Diferentes bebedizos y pócimas de su matasanos favorito, el doctor Morell, le habían mantenido durante toda la guerra en una especie de trance que alternaba periodos de apatía con periodos de euforia. A esto se le unían unos hábitos alimenticios que no hubieran tenido nada que envidiar a los de su paisana, la loca de la emperatriz Elisabeth, y un Parkinson galopante que hizo que, en sus últimas apariciones públicas se le viera sujetándose la mano derecha, sobre la que ya apenas tenía control.
Una de las consecuencias del intenso bombardeo químico al que su cerebro estuvo sometido fue quizá que se exagerase cierta tendencia a la paranoia y a la depresión que siempre habían estado presentes en el carácter de Hitler, de manera que, cuando se dio cuenta de que todo estaba perdido y decidió suicidarse, le empezara a entrar un miedo tan loco como todo lo que estaba relacionado con él, al pensar en lo que pasaría con sus restos mortales y los de su mujer, Eva Braun. Por este motivo dio instrucciones taxativas de que, cuando se produjese su fallecimiento y, con él, una considerable mejora de las condiciones de vida del planeta, lo que quedara de él fuera destruido por completo.

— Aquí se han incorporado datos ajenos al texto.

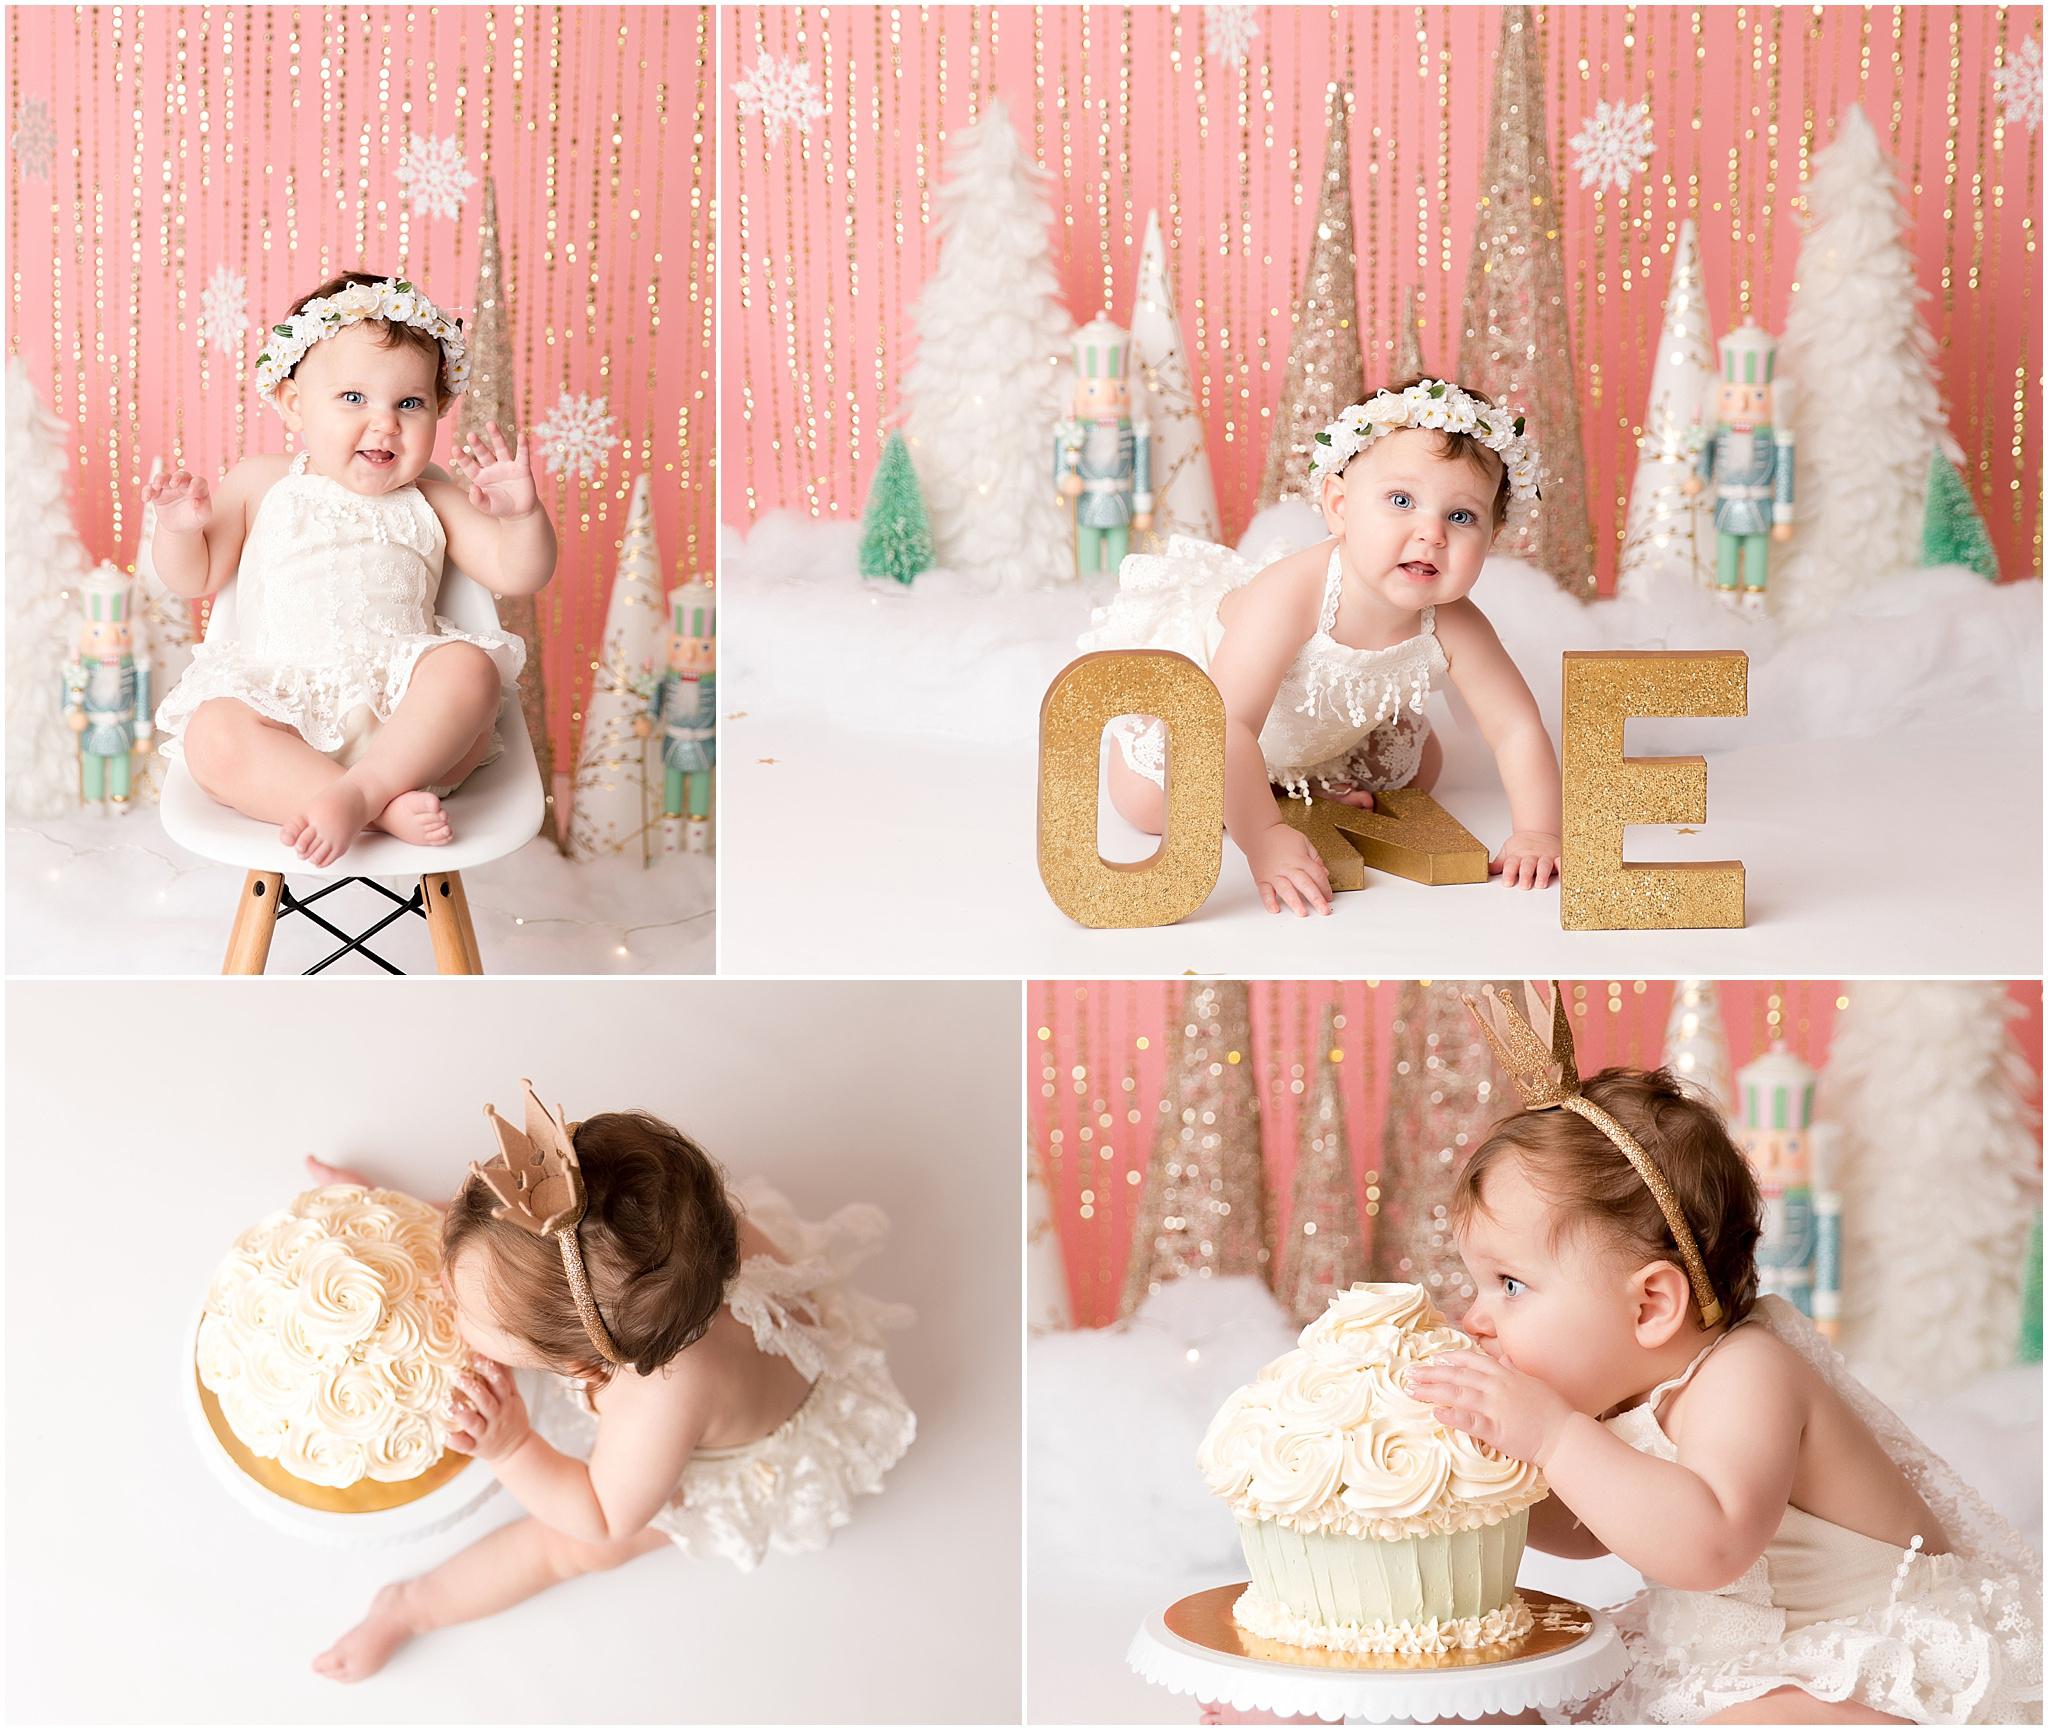 cakesmash+photography+Luciana+Golcman+NYC+35.jpg

No tuvo en cuenta, claro, que lo de deshacerse de un muerto no era tan fácil en el Berlín de abril de 1945. En cualquier caso, se puede decir que los encargados de destruir lo que quedó de Hitler, hicieron lo que pudieron, de manera que cuando los aliados entraron por fin el en bunker de Berlín encontraron nada más que cachitos medio chamuscados y difícilmente identificables. Los trozos de hueso que quedaron del dictador se llevaron a Moscú y allí duermen, en el archivo de la KGB, un prosaico sueño de cajas de cartón. De vez en cuando, algún equipo de televisión consigue permiso para grabar y la Humanidad puede ver un parietal que hay que créer que era de Hitler, porque lo mismo se puede tratar de un parietal de Pepito Pérez (o, mejor dicho, de Pepperl Schmidt).

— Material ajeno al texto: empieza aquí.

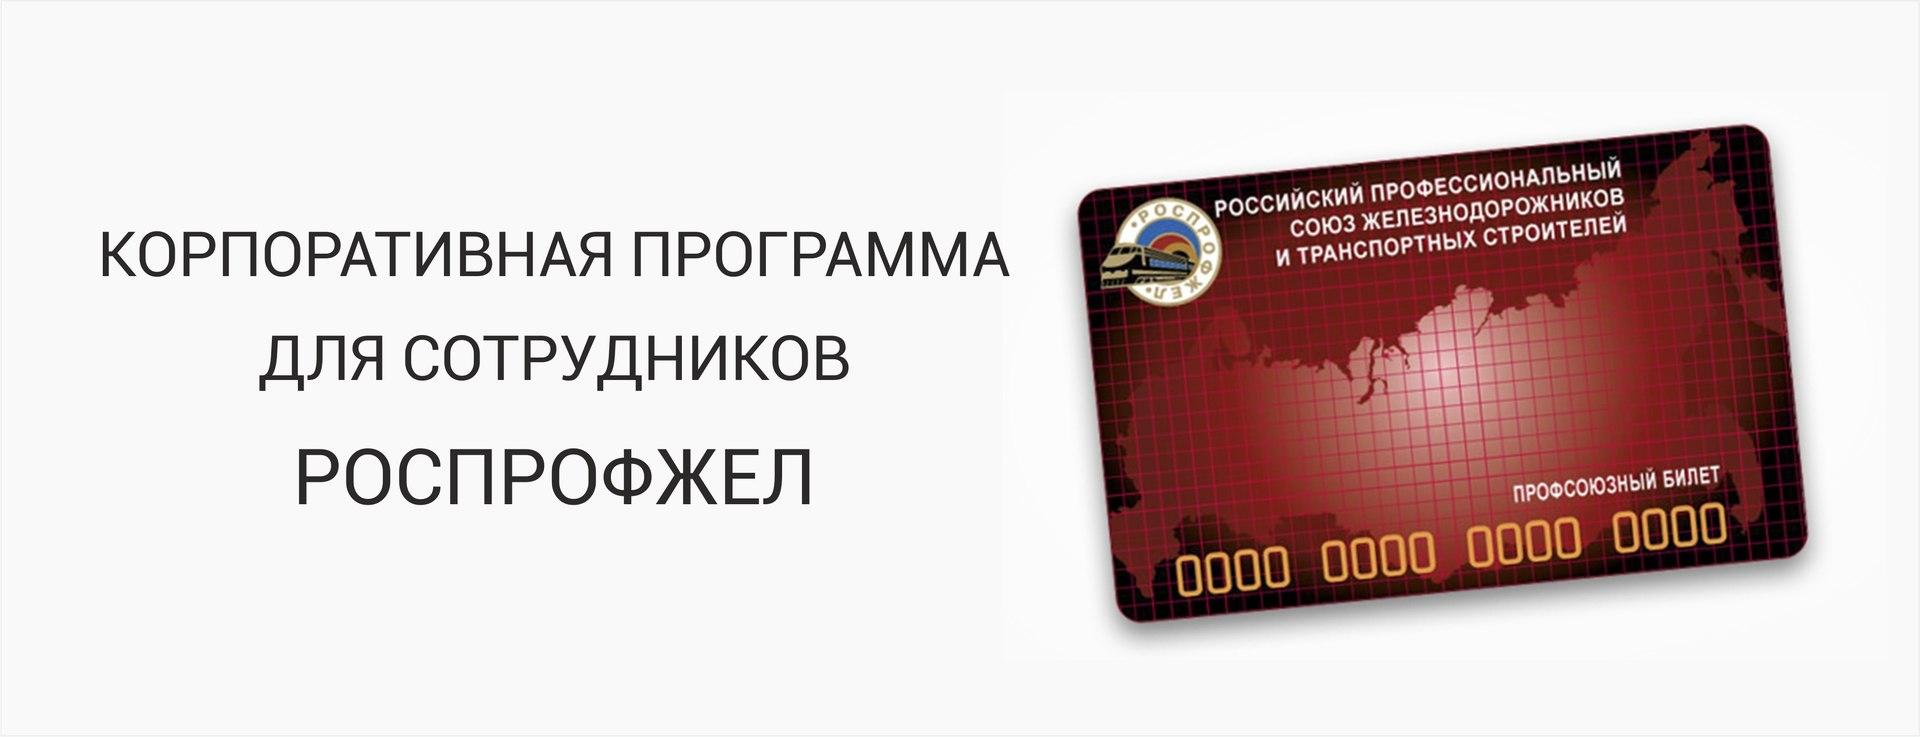 https://www.almazcom.ru/pub/img/QA/loyaltyprogram/rzhd1.jpg

El hecho de que no quede de Hitler ningún rastro material es algo que el posterior estado alemán no está en condiciones de agradecerle bastante, porque les permitió empezar práctcamente desde cero y hacer como si Hitler no hubiera existido nunca. En Austria sabemos que el proceso de desnazificación fue más chapucero y quedaron algunas reliquias del nazismo que en Alemania no hubieran podido permitirse. Todavía colea el pleito a propósito de la casa natal del tito Adolfo, que lleva sin resolverse por lo menos por lo menos desde que yo estoy viviendo aquí y va para quince años.

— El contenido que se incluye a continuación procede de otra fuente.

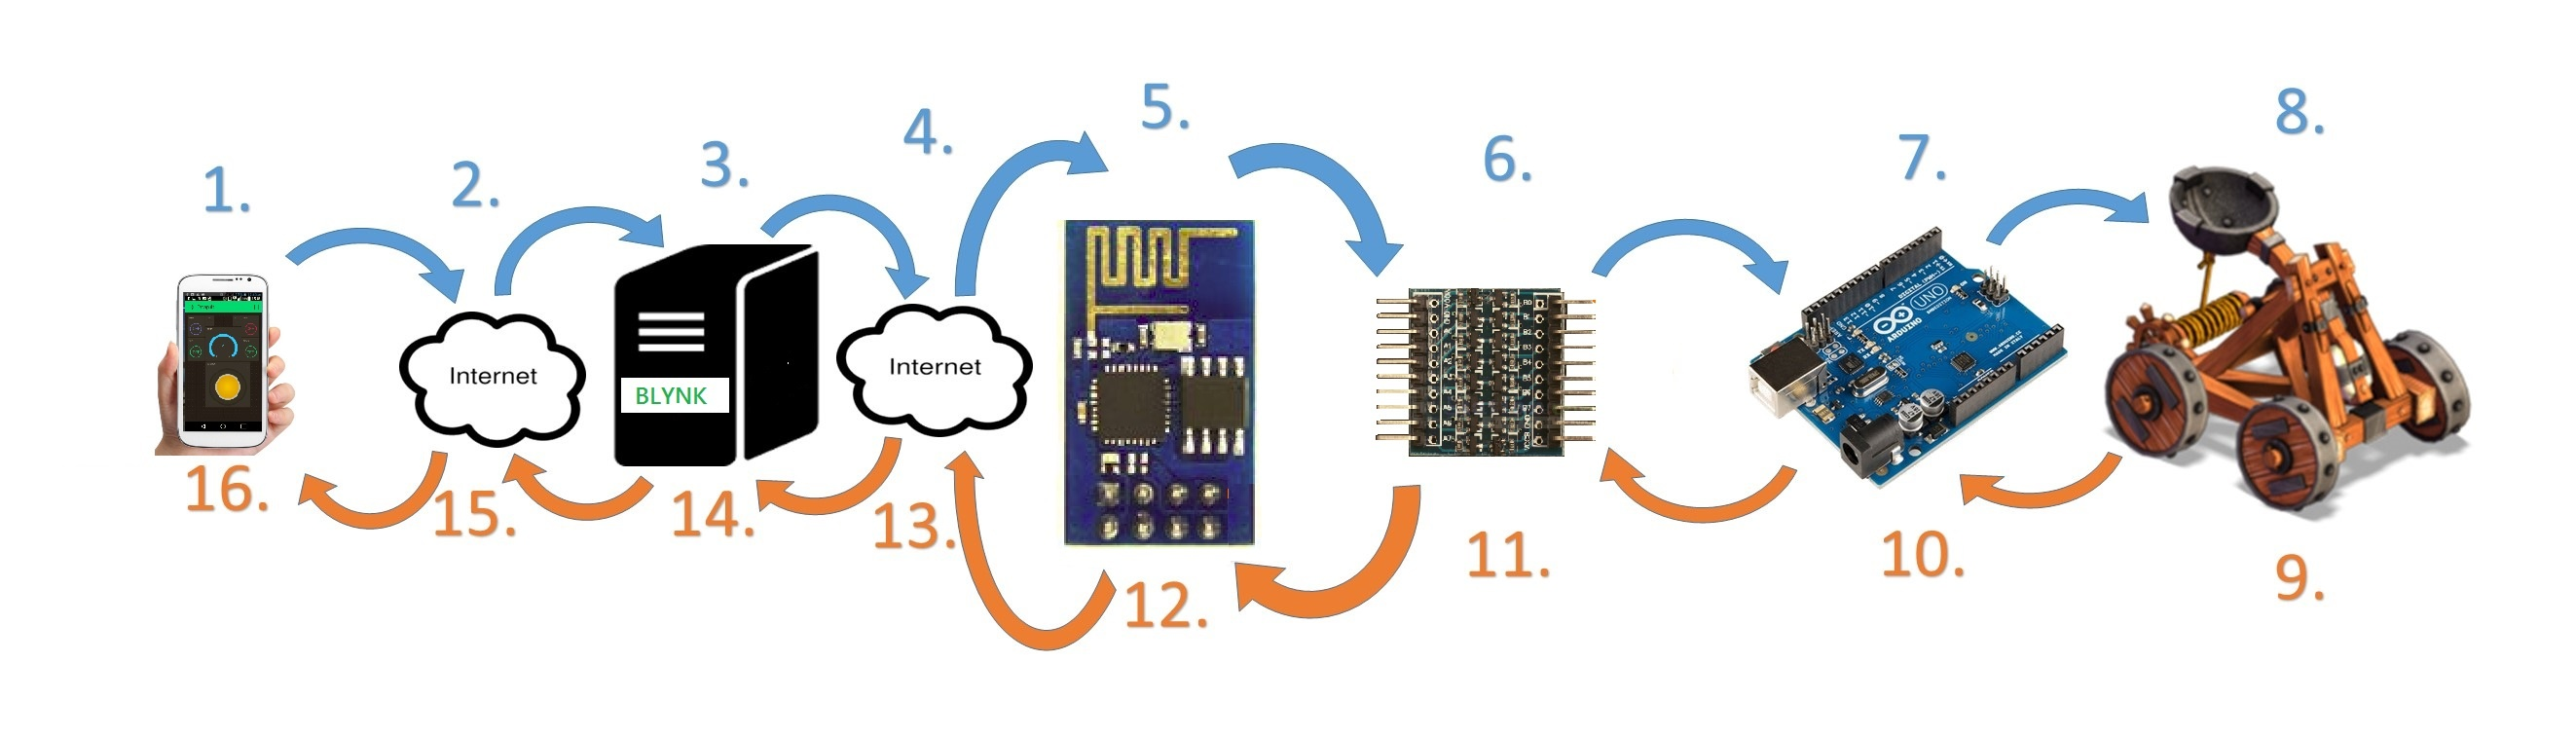 Iot Catapult Mechatronics Exercises Aalto University Wiki Diagram Of A Jpeg File

El final de Franco, el dictador español, no tuvo nada que ver con el de Hitler, salvo en el tema del Parkinson, ni tampoco el proceso que conllevó pasar de un régimen dictatorial a la democracia actual. De hecho, si se mira la cuestión con algo de detenimiento, los españoles hicimos una cosa bastante inédita, no solo en nuestro país, en donde lo de matarnos los unos a los otros es una tradición bastante siniestra que hemos venido practicando, con cierta frecuenciam desde finales del siglo equis uve tres palitos, sino también en Europa.
Esto ha ocasionado que la transición haya sido estudiada por otras naciones que se han visto en el brete de tener que pasar de regímenes malvados como era el nuestro a democracias más o menos liberales. Como la cosa fue bastante improvisada (un defecto también muy celtíbero, aunque menos grave que lo de matarnos, dónde va a parar) el proceso de la transición nos salió un poco de aquella manera. Se hizo lo que se pudo. Yo soy de la opinión de que, los que ahora protestan, lo hacen como los que son contrarios a las vacunas, o sea desde la tranquilidad que da estar vacunado.
Una de las cosas para las que no encontramos solución y para las que no hay aún soluciones potables disponibles es el qué hacer con los restos de Franco y, sobre todo, con el horroroso monumento que Franco se construyó, como si fuera un faraón. Un sitio que tira a siniestro, por la construcción en sí y por lo que significa.
Es un pleito viejo, como el de la casa natal de Hitler y, a pesar de los últimos indicios, que apuntan a que Franco será desalojado de su hipogeo y colocado en un lugar más modesto, uno no acaba de creerse que el Valle famoso vaya a terminar convertido en lo que debería ser : en un museo como, pongamos por caso, el campo de trabajo de Mauthausen, en las cercanías de Linz.